There are three essential facts to this case:

- Jason Portnoy, a full-time, tuition-paying student at Concordia University, wanted to stretch his education by inviting Barak to speak. In so doing, he was exercising a basic right enjoyed by dozens of students on this campus every year -- and by thousands of students on campuses throughout the world. Portnoy's complaint is a legitimate one: Why is he being discriminated against?

- The "security risk assessment" -- and the subsequent decision to ban Barak from the Concordia campus -- punishes the potential victims and not the potential perpetrators of the crime. It is unfathomable to me that the mere threat of violence can silence speakers -- especially one known internationally as a peacemaker -- and it is unconscionable for a university to create this kind of a precedent.

- Offering an off-campus site, as the university has done, is the problem, not the solution. It implicitly admits that something is broken at Concordia. If its administrators cannot control their own campus, then just who is in charge?

Where are my colleagues -- not just from Concordia, but from McGill, Universite de Montreal, the University of Toronto, the University of British Columbia, and everywhere else across the country -- to defend academic values of free and vigorous debate and to point out that appeasement is not peace? As educators, are we comfortable with a campus which only gives a one-sided perspective on any topic -- from the Middle East to the Middle West?

Where is Montreal's Mayor, quiet as we're told in his city that it is too risky to learn from the former leader of a sister democracy?

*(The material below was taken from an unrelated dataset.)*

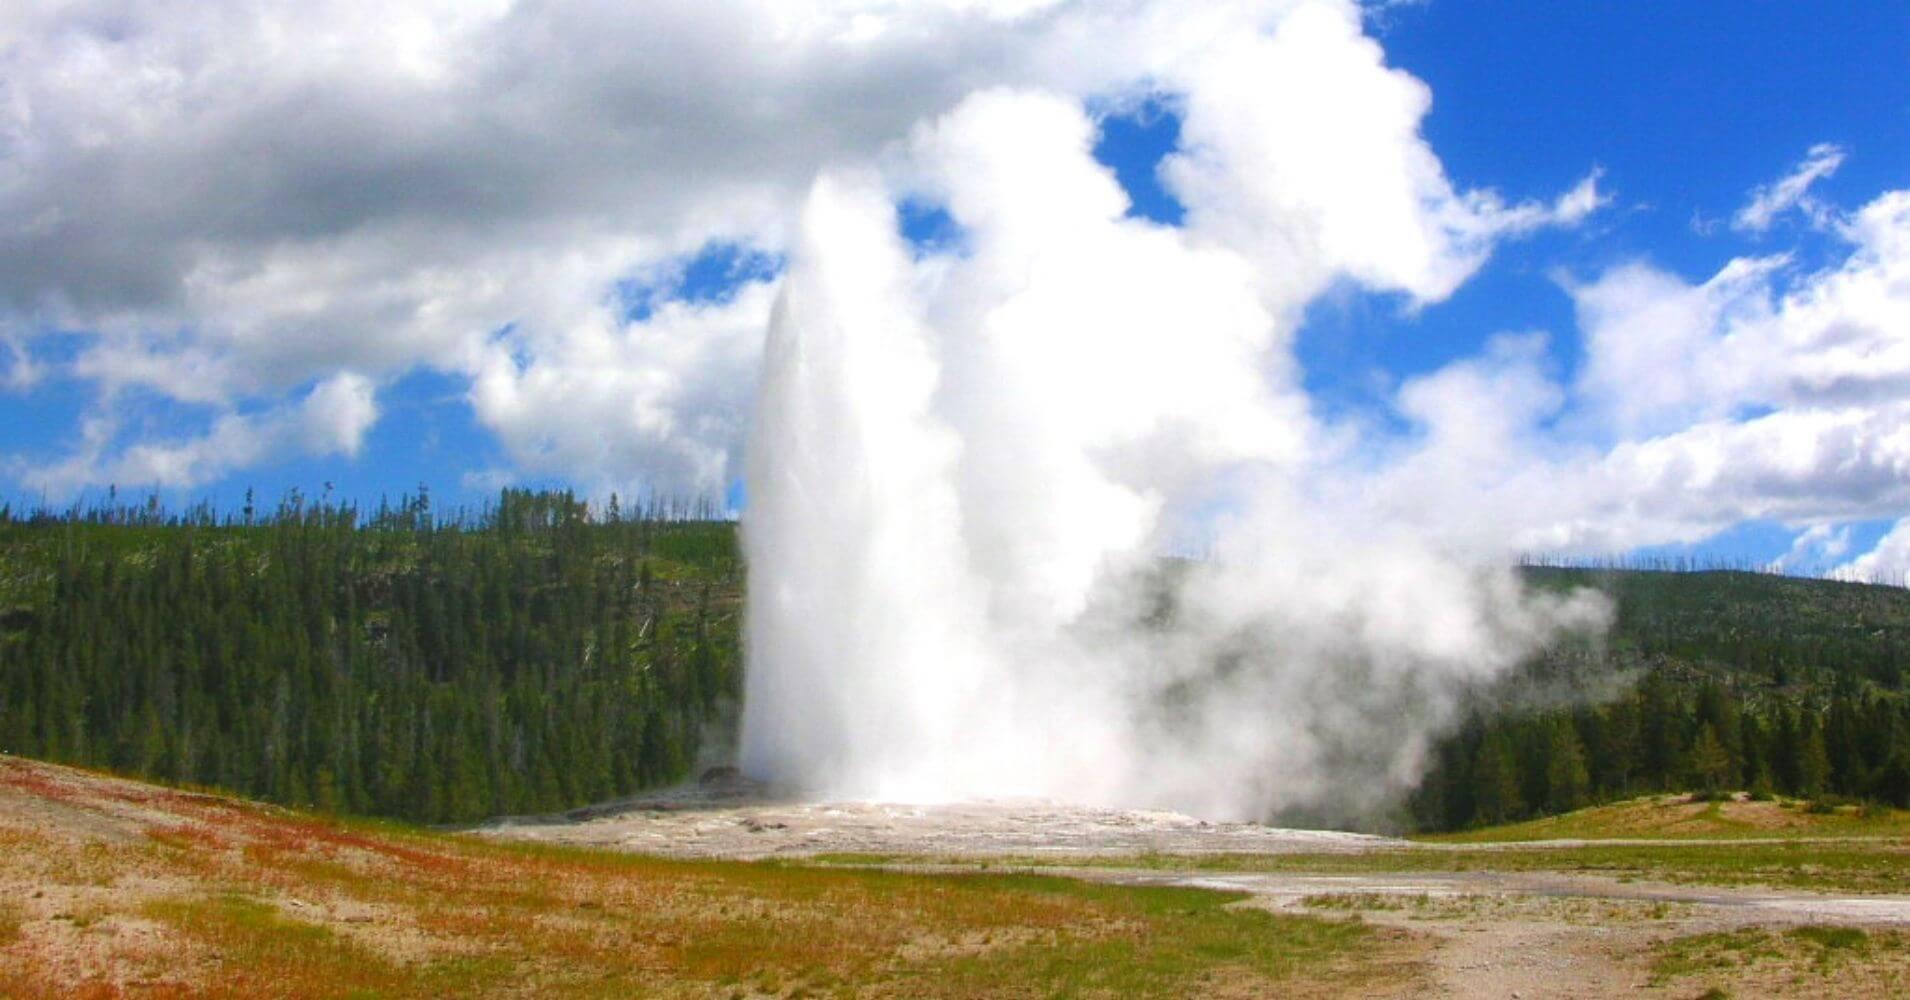 Parque Nacional de Yellowstone. Upper Geyser Basin. Wyoming, Estados Unidos.

And where is the Premier of Quebec, Jean Charest, or the Prime Minister, Paul Martin? Do they sleep well at night knowing that fundamental Canadian values of decency, civility and dialogue are being threatened under their watch? Do they understand that there is no peace, no order, and no good government when we can't even sit and reason together on a university campus?

This is about more than just a single address. In too many places around the world, Israelis are demonized, marginalized, banned by the forces of unreason who libel even Ehud Barak despite his peacemaking efforts. I would love to see pro-Palestinian professors and students at Concordia and elsewhere standing up and saying: "I disagree with Ehud Barak but I will defend his right to speak" -- just as I say I disagree with Norman Finkelstein and literally dozens of other Israel-, America- and Canada-bashers who have spoken at Concordia in these last two years. I don't just defend their rights to speak, I welcome the opportunity to learn from them, to shake up my views.

When rights of free speech and peaceable assembly become optional rather than mandatory -- when they become contingent on liking those who wish to speak freely or assemble peaceably -- we're sliding down that slippery slope to intellectual totalitarianism.

On campuses throughout North America, people are struggling with the boundaries of speech. There is all too often a toxic environment that festers, that politicizes everything, that polarizes everyone, that divides colleagues, silences dissenters and conquers our spirit.

Too many people, in the name of diversity, ironically, think that a university's mission is to promote only one alternative, quite marginal school of thought -- and woe to any free thinkers who deviate from the line of the day, the methodological trend of the moment, the political perspective of the narrow-minded thought police who might be temporarily ascendant.

But the university's true mission is to unite us in civility to learn from a diversity of opinions. Let us reason together, let us stand together, let us fight this assault on the values we hold dear. If we don't take that stand right now, it will only get worse and worse.